Sounds like a great trip (sans the heat and seas!) You have always impressed me with your ability to catch a wide variety of quality fish, especially gags!

I am definitely spoiled now with the AC on the Viking, I never knew how hot I got till I had AC to get into! No going back now, I might go broke but gotta have the AC and fresh water showers now! Ha ha!

Robert


----------



## coolbluestreak (Jun 27, 2011)

Awesome pictures and report!:thumbsup:


----------



## DISANTO (Oct 1, 2007)

Great trip!


----------



## Downtime2 (Sep 27, 2007)

Nice catch Mike and crew!


----------



## skram (Dec 25, 2007)

Nice Sailfish :thumbup:


----------



## bayougrande (Oct 4, 2007)

wide kind'a ride is that? looks sweet:thumbsuph ya, impressive trip!!!


----------



## mcoaker (Jun 21, 2012)

Nicely done! Great pics


----------



## PELAGIC PIRATE (Oct 10, 2007)

MSViking said:


> Sounds like a great trip (sans the heat and seas!) You have always impressed me with your ability to catch a wide variety of quality fish, especially gags!
> 
> I am definitely spoiled now with the AC on the Viking, I never knew how hot I got till I had AC to get into! No going back now, I might go broke but gotta have the AC and fresh water showers now! Ha ha!
> 
> Robert



The funny thing Robert , we were looking at new boats on the way home :thumbsup:


I'm turning 45 this year : 

Bucket list is being compiled and AC may be in our future.


I may miss the tiny fuel bill , but I would pay up for Ac and cold showers plus once your out there staying an extra day is actually doable due to the accomidations and the recovery factor of a bunk in Ac, always come home:thumbdown:


I started with a jon boat and I'm slowy working my way up the chain to what your riding in :thumbsup:


Thx for the comments Robert and if you are Ever looking crew Reg and I are ready to come run the deck of your battleship.............:thumbup:


----------



## PELAGIC PIRATE (Oct 10, 2007)

bayougrande said:


> wide kind'a ride is that? looks sweet:thumbsuph ya, impressive trip!!!

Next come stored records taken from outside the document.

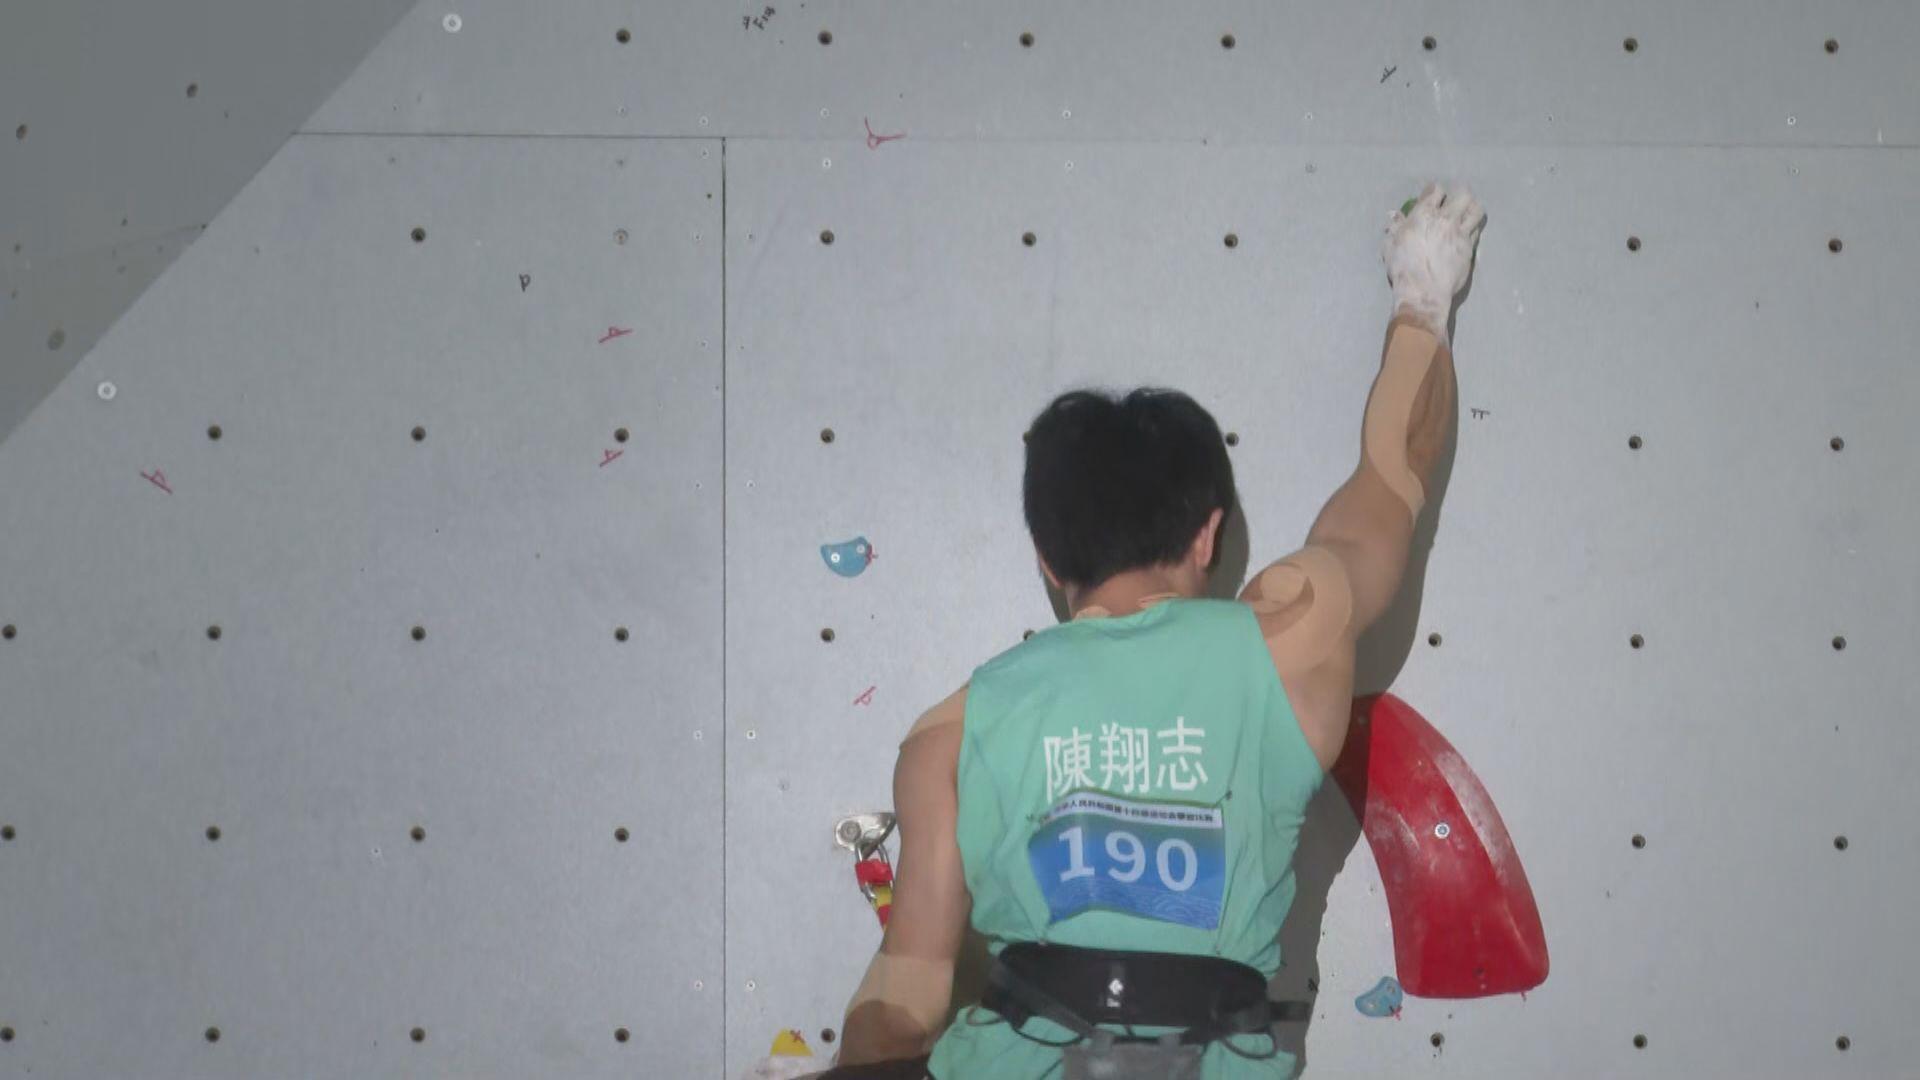 全運會男子攀岩全能賽 港隊陳翔志躋身八強
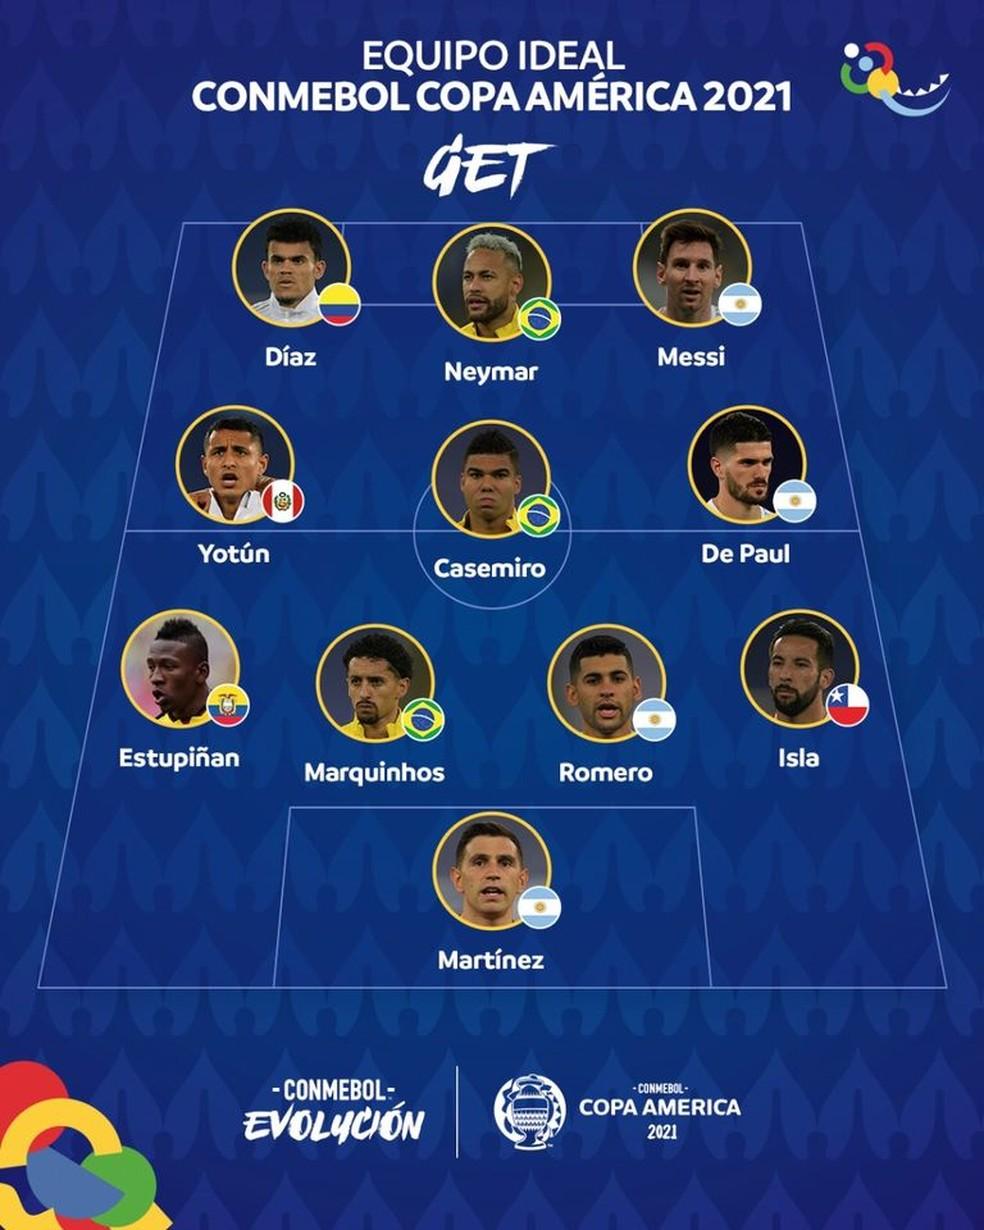 A seleção da Copa América 2021 tem Neymar, Messi e mais dois brasileiros — Foto: REPRODUÇÃO
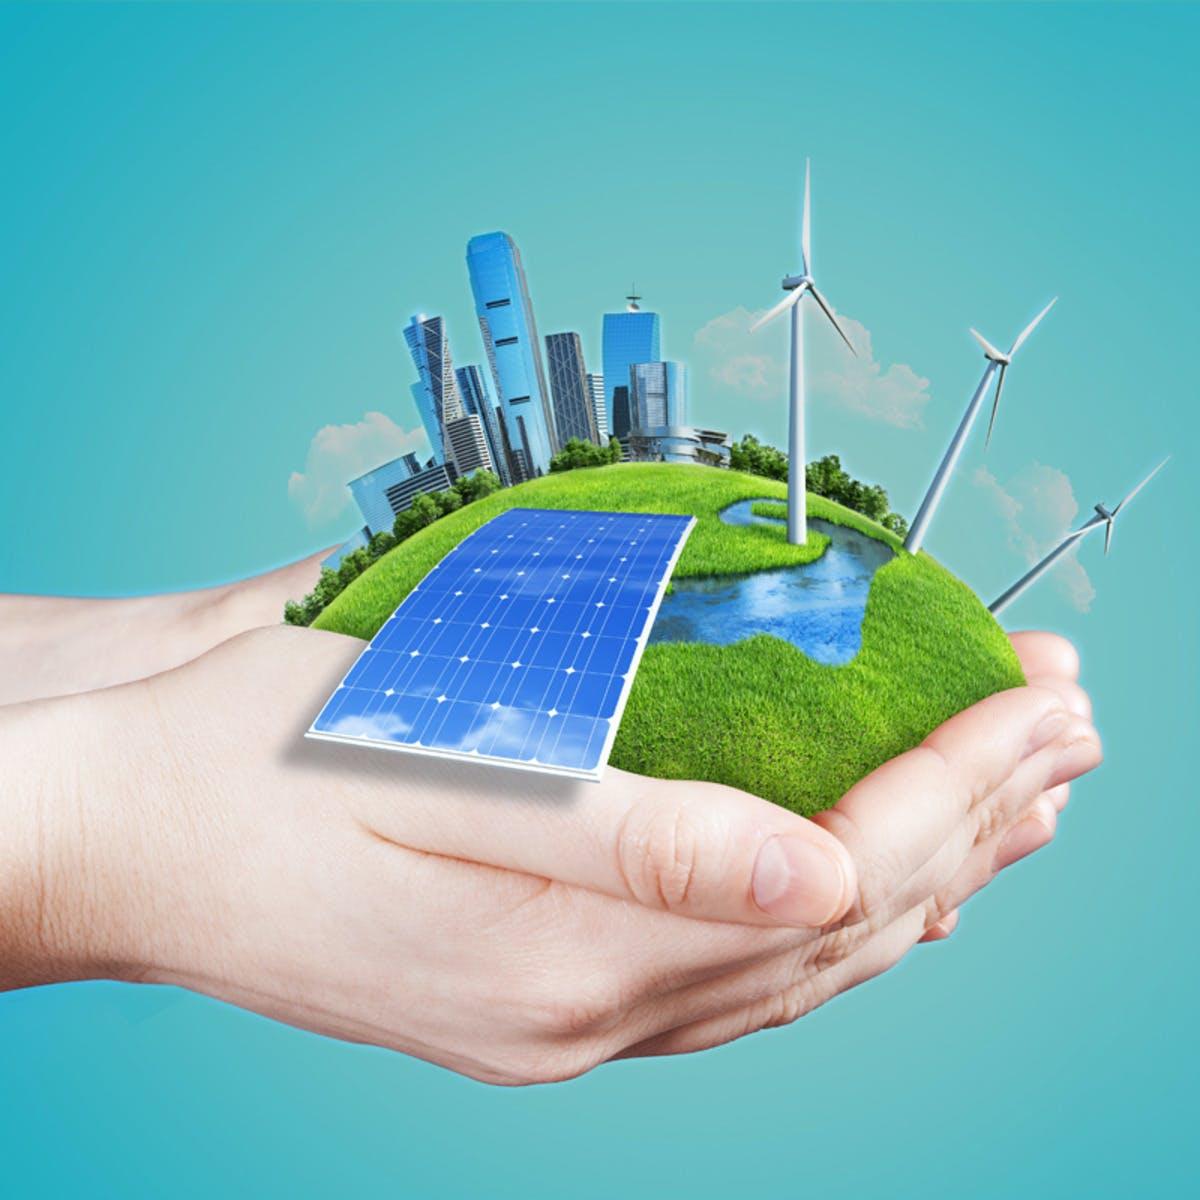 מבוא לאנרגיה מתחדשת -  Introduction to Renewable Energy

She is 1986 Palm Beach 32 built in costa rica and imported to Florida by the first owner.


We are the 3rd owner , previous owner replaced the motor and we updated everything else to 2010-2011 electronics and led lighting along with bait tank and tower work plus platform .

She is super sweet , super slow and super cheap to feed with one 315 diesel:thumbsup:


Thanks for the comments


----------



## Michael f sights (Jun 19, 2012)

Pelagic Pirate,

Great story, boat, & pictures! It's good to see fellow GA Boys beat up fish!


----------



## bayougrande (Oct 4, 2007)

yu'll have to excuse me while i clean up some drool :notworthy:


----------



## Odesign1 (Jun 4, 2011)

Nice job, gotta love the sails!!!!


----------